ST. LOUIS — She claims a St. Louis police officer raped her. Now, a St. Louis woman finds she's the one facing charges from St. Louis County prosecutors.
Five on your side first told you in May about this mother of four and her ten-year quest for justice.
It was 2008 and Michelle Roesch was at a party at an apartment complex, where claims she was raped and beaten by a St. Louis Metropolitan Police officer.
"My rapist was actually in uniform," said Roesch.
Photos show that Roesch arrived at a hospital with a busted lip and bruised face. She was examined and, according to medical records, found to be a victim of sexual assault.
Despite that, and despite police DNA tests that later showed her blood on the accused officer's uniform, the then circuit attorneys office declined to prosecute.
But with the #Metoo movement, Roesch says she was newly-inspired not to give up. She started protesting and calling the officer out on Facebook.
"It was my first amendment right," said Roesch.
However, eventually the officer filed for and got an emergency restraining order.
The orders are normally used to protect domestic violence victims and can be obtained without any evidence.
This one included a stipulation that Roesch not to talk about the officer on social media.

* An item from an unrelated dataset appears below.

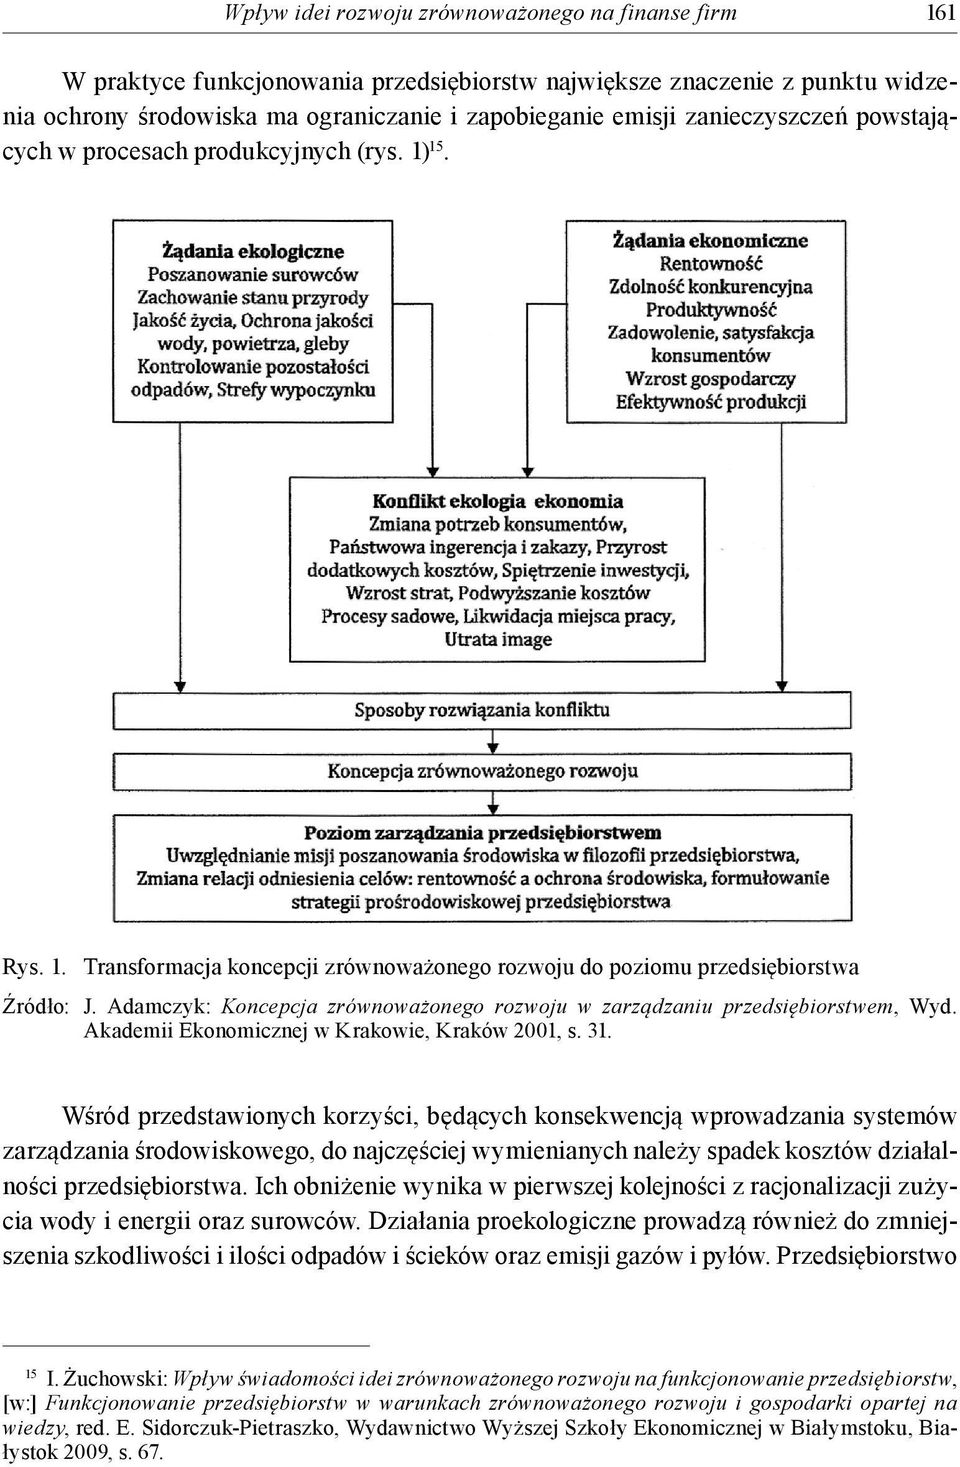 Adamczyk: Koncepcja zrównoważonego rozwoju w zarządzaniu przedsiębiorstwem, Wyd. Akademii Ekonomicznej w Krakowie, Kraków 2001, s. 31.
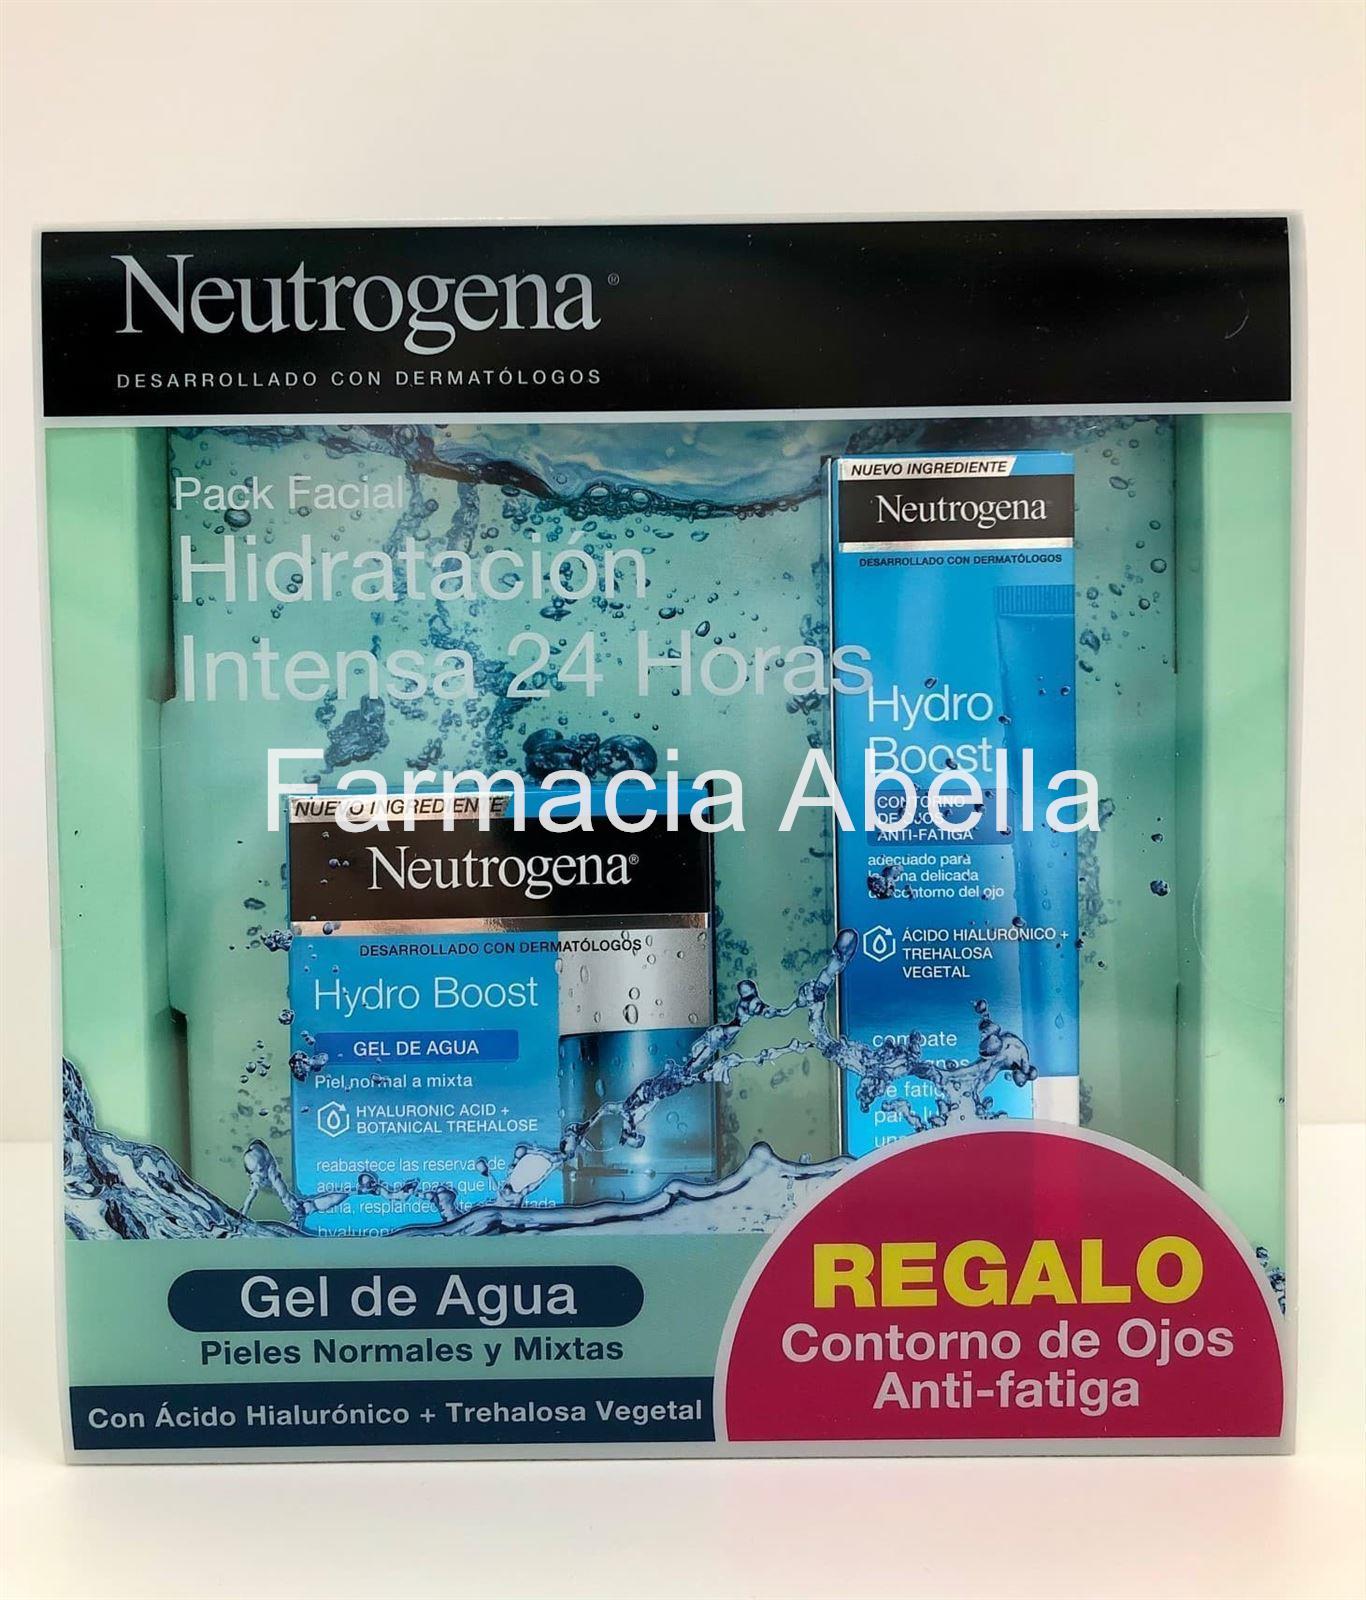 Neutrogena hydro boots gel de agua 50 ml + contorno de ojos crema anti- fatiga de regalo - Imagen 2

"All that [Roesch] shared was that the officer sexually assaulted her ten years ago," said Chelsea Merta, Roesch's attorney. "He's claiming that this disabled mother of four is a physical threat and danger to him. It's just nonsense."
In May, Merta challenged the order in St. Louis County court and on the day of the hearing, the officer never showed up. The judge threw the restraining order out.
Roesch felt vindicated.
"You're not above the law and you can't and will not silence me anymore," said Roesch outside of the courthouse that day.
But several days later, and after 5 On Your Side aired our original report on all of this, the St. Louis County prosecutor criminally charged Roesch for previously violating the now-thrown-out protective order.
Merta says she was stunned.
"They're trying to criminally prosecute a rape victim on behalf of her rapist," said Merta.
She also claims, so far, the evidence against her client is weak.
"There are no time stamps on these alleged violations. They're just merely going on the word of this police officer," said Merta.
We contacted the St Louis County prosecutor's office for comment. They told us they stand behind the charges filed against Roesch.
Finally, attorney Merta says that after Roesch began her protests outside police headquarters and online, her client starting receiving similar restraining orders from individuals, some of whom Merta says Roesch didn't know.
Some individuals were even out of state.
Legal records show Merta has since challenged many of these orders in court and they have been removed by a judge.